B1) Preparation of a 50% strength composition comprising the components a), b), c1) 500 ml of water are initially introduced into a sulphonation flask at room temperature, and initially 120 g of component a) (24% by weight), 270 g of component b) (54% by weight) and 110 g (22% by weight) of component c1) are added with vigorous stirring. After some time, a clear, brown solution which has a pH of 0.5 is obtained.

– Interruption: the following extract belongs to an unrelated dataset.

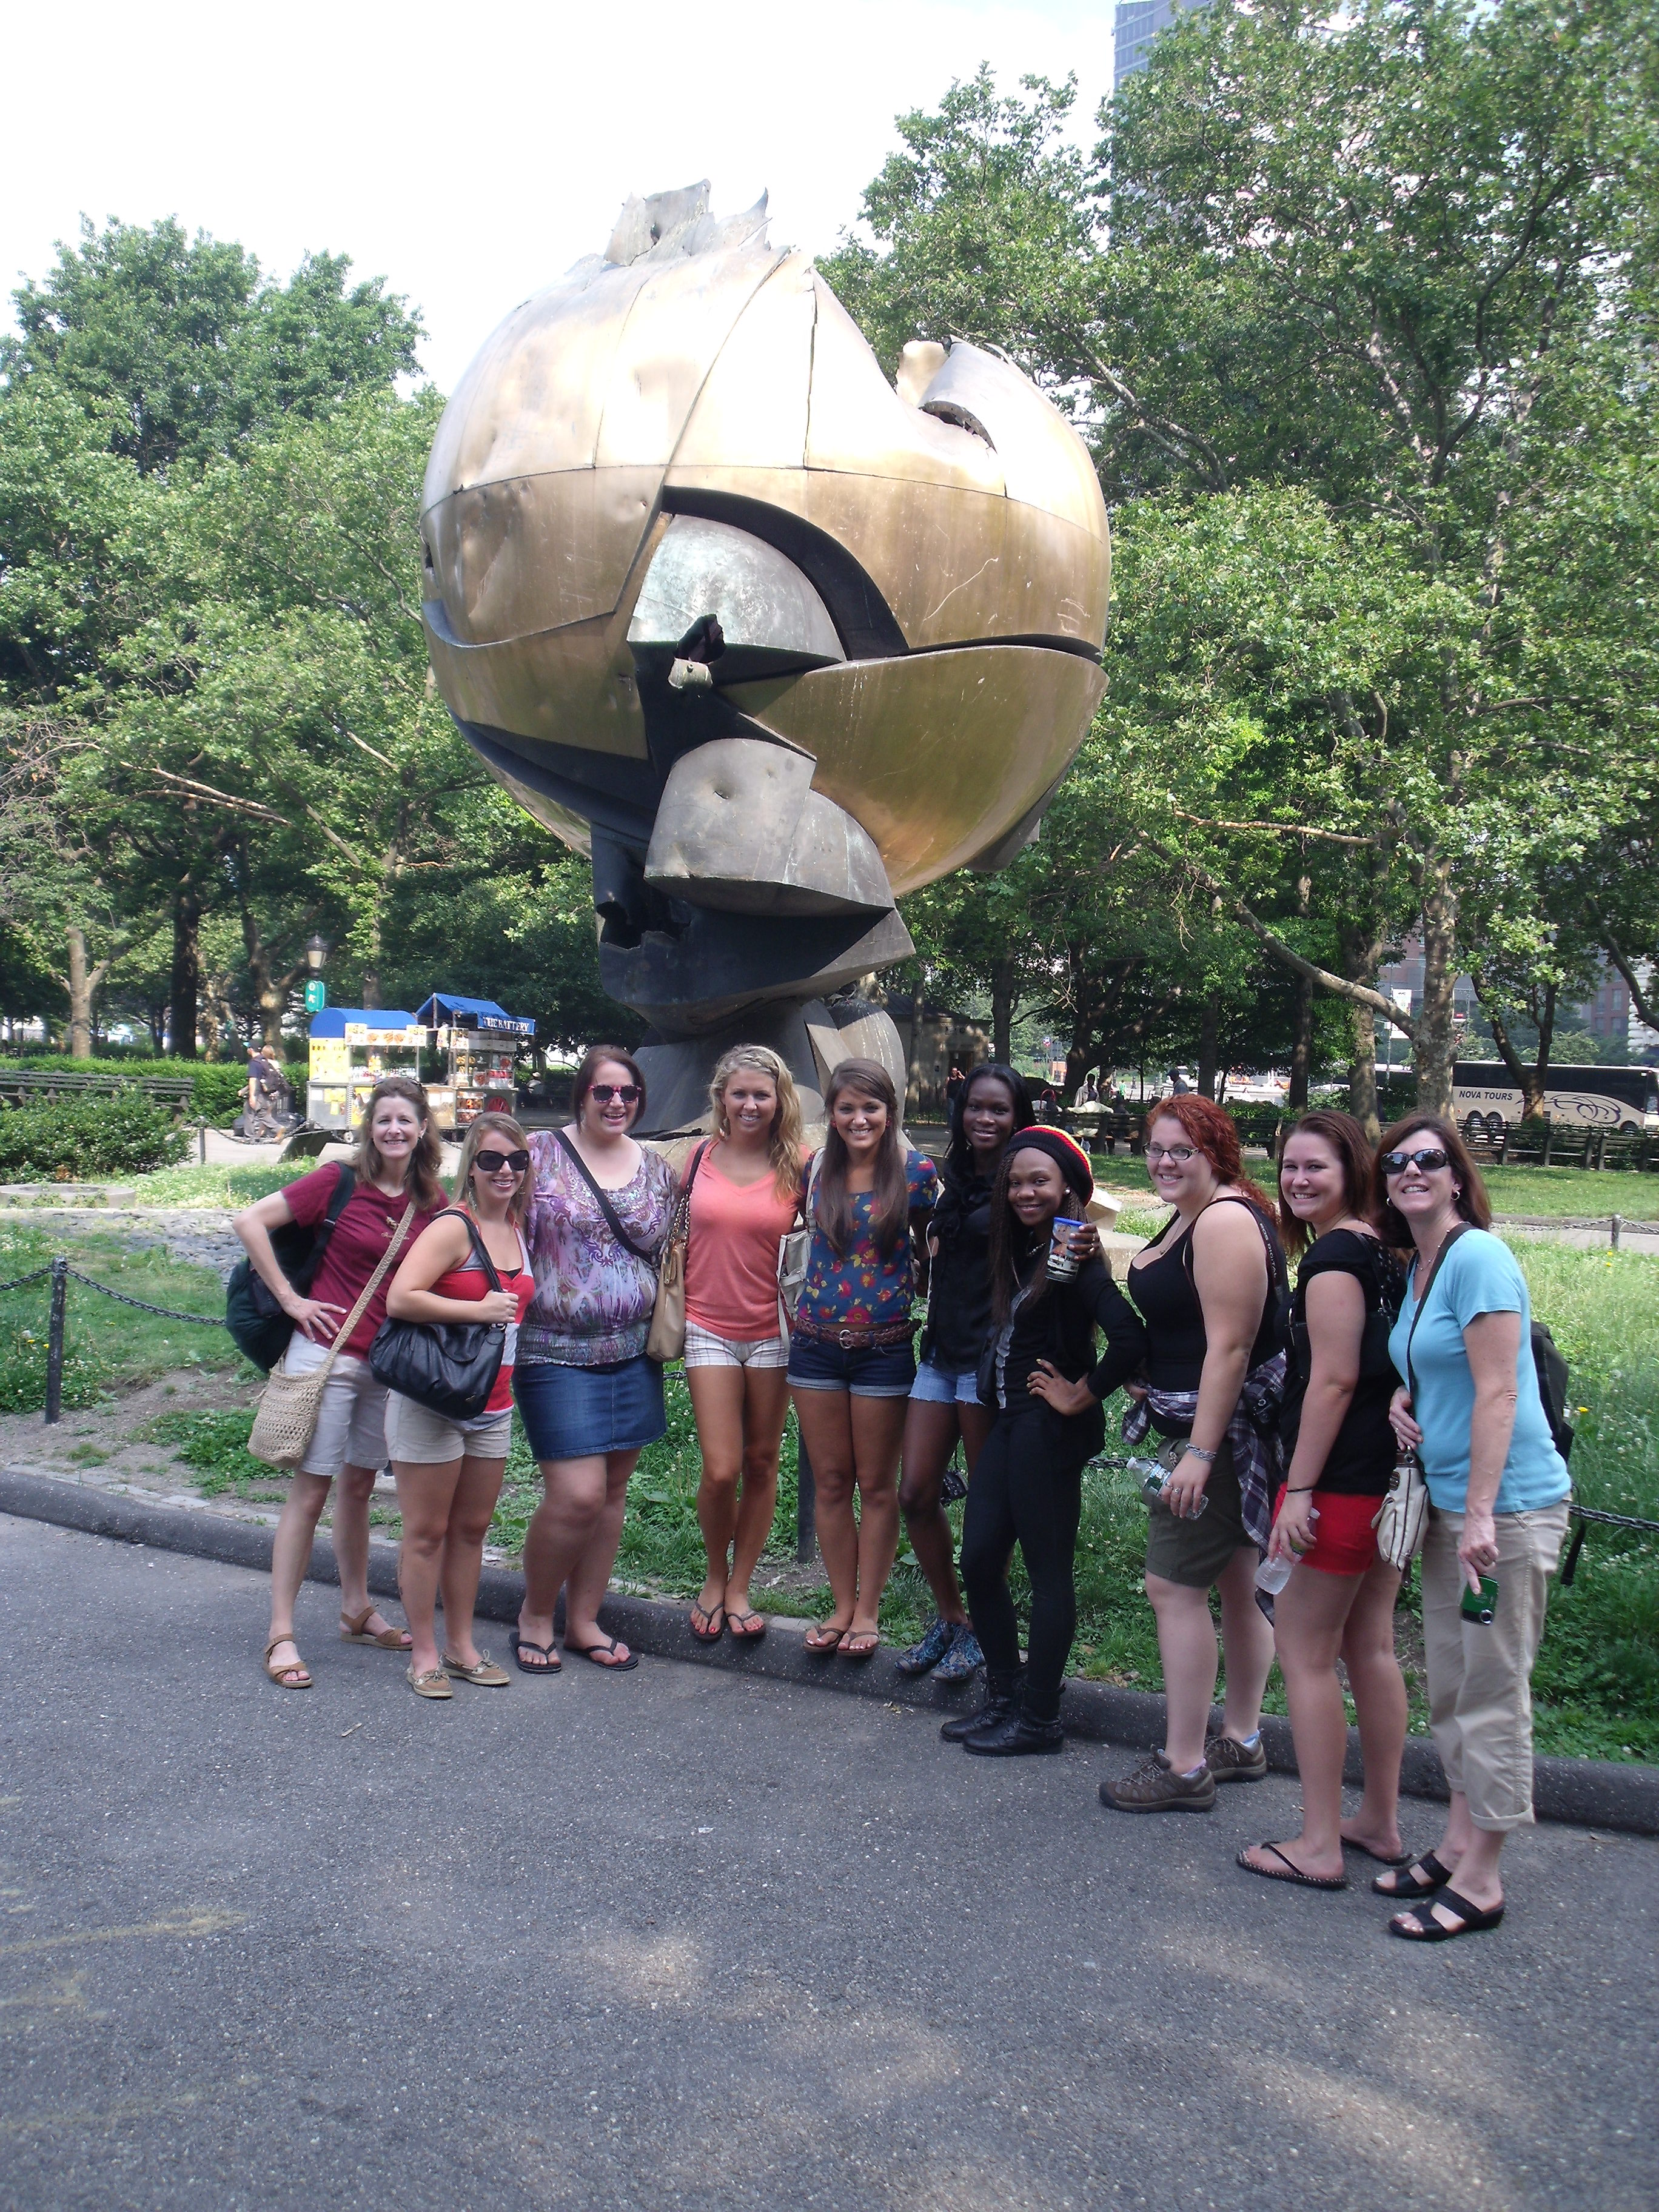 A group shot in front of the 9/11 sculpture.

B2) Preparation of a 50% strength composition comprising the components a), b), c2) 500 ml of water are initially introduced into a sulphonation flask at room temperature, and initially 250 g of component a), 200 g of component b) and 50 g of component c2) are added with vigorous stirring. After some time, a clear, brown solution which has a pH of 0.7 is obtained.

C) Use example

Stated percentages are based on the salted weight of the leather hides or skins. A piece of wetblue or wetwhite 0.9 - 1.6 mm thick shaved cattle leather is introduced into a drum containing 150% of water. After an operating time of 10 minutes, the water has a pH of 3 to 3.5, depending on the type of pretanning. 7% of the 50% strength composition of example B1) are added, the pH decreasing to a value between 2.5 and 3.0 (depending on the initial value), and treatment is effected for 40 minutes (at 30°C). Thereafter, conventional retanning agents and dyes are added and treatment is effected for a further 2 hours, whereby the pH may increase slightly by 0.5 to 1. 100% of water heated to 60°C are now added and the liquor temperature is increased to 50 ⁰ C with addition of conventional fatliquoring agents and treatment is effected for 1 hour. 1-2% of formic acid are now added and treatment is effected for a further 40 min. After an end value of pH 3.5 - 3.8 has been reached, the liquor is discharged, washing is effected for about 10 min with 200% of cold water altogether and the leather is finished in a conventional manner.

The leather obtained is substantially fuller and stronger than leather produced in a conventional manner, with prior neutralization.